A mother, father, young daughter and younger son all hug.
A teenager in a smart suit pumps the air, almost in time with the music. Another plays air guitar using Newt's latest poster with its slogan "Unleash the American people".
Newt Gingrich's supporters have a lot to celebrate. This was a big victory, external in a state that since 1980 has always picked the eventual winner of the Republican race. But that is simply a historical fact, not a prediction, let alone an iron law.
The story of the Republican race for months has been the search for an anti-Mitt, a non-Romney, a single candidate who conservatives could unite around.
It is now possible, but by no means inevitable, that Gingrich has the momentum to become that candidate. Certainly he has burst Mitt's bubble, punctured the sense that he is the inevitable winner.
Some question whether Gingrich has the money to go the course. Others say he doesn't have the organisation to win in other states. A bigger question might be whether he has the discipline not to self-destruct.
After he was introduced with great fanfare at the victory party, he didn't appear. Indeed, the hot but happy crowd was made to wait 20 minutes and listen to a sound track twice before he did come on.

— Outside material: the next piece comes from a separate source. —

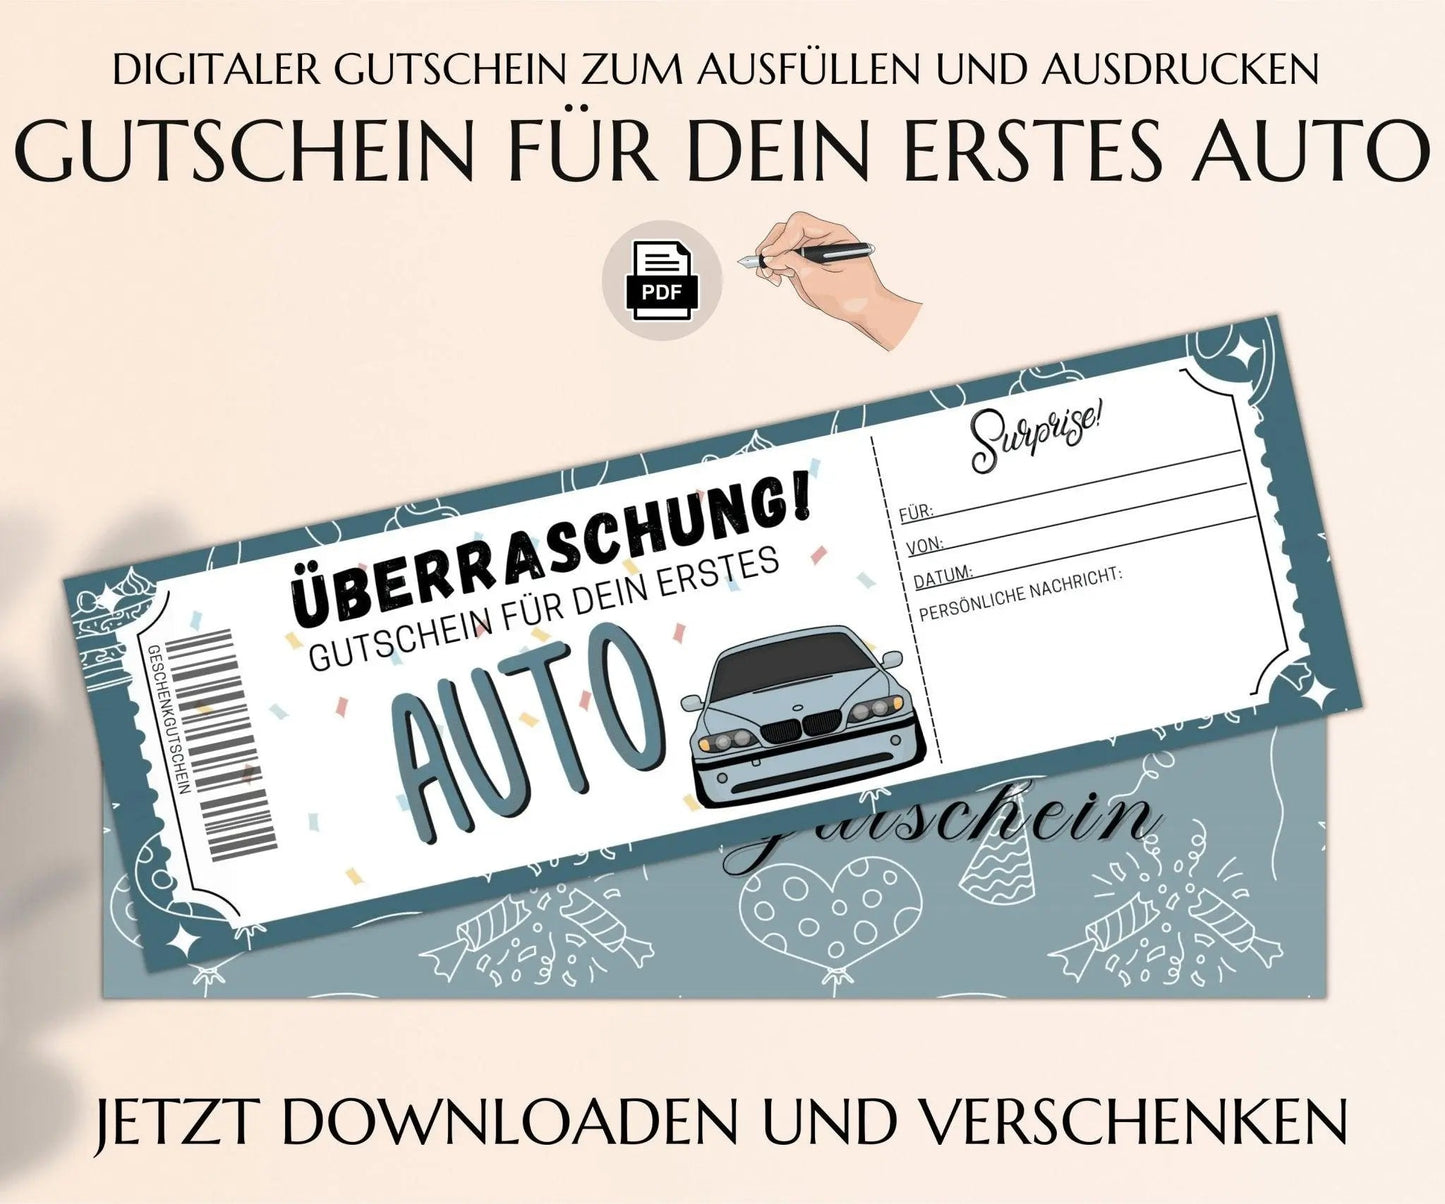 Gutschein für dein erstes Auto Vorlage - JSKDesignStudio.de

It's a small thing, but less than impressive.
His victory speech was a rambling rehash of his main themes with little sense of the occasion.
This is why Newt is the anti-Mitt, in more ways than just a main opponent. Whereas Romney is a bit grey, a bit obvious, rather safe, Newt is dangerous, unpredictable, a candidate who might soar, or might crash and burn. You watch fascinated, never quite knowing which it will be.
His triumph will almost certainly mean that this race lasts longer. If Romney had won here his victory would have been all but in the bag.
But it also means the race will get nastier. Republican opponents have already accused Gingrich of being grandiose, egotistic and unable to stick with a plan or work with others.
Mitt Romney used his speech to paint Gingrich as a dangerous, un-American enemy of free enterprise, with no experience of running a state or a business, of "using the weapons of the left".
It is part a way of scaring him off attacking Romney's business record at Bain Capital., external
It is also an indication that - as the contest moves to Florida, external - these two will be at each other like snapping gators in the swamp lands.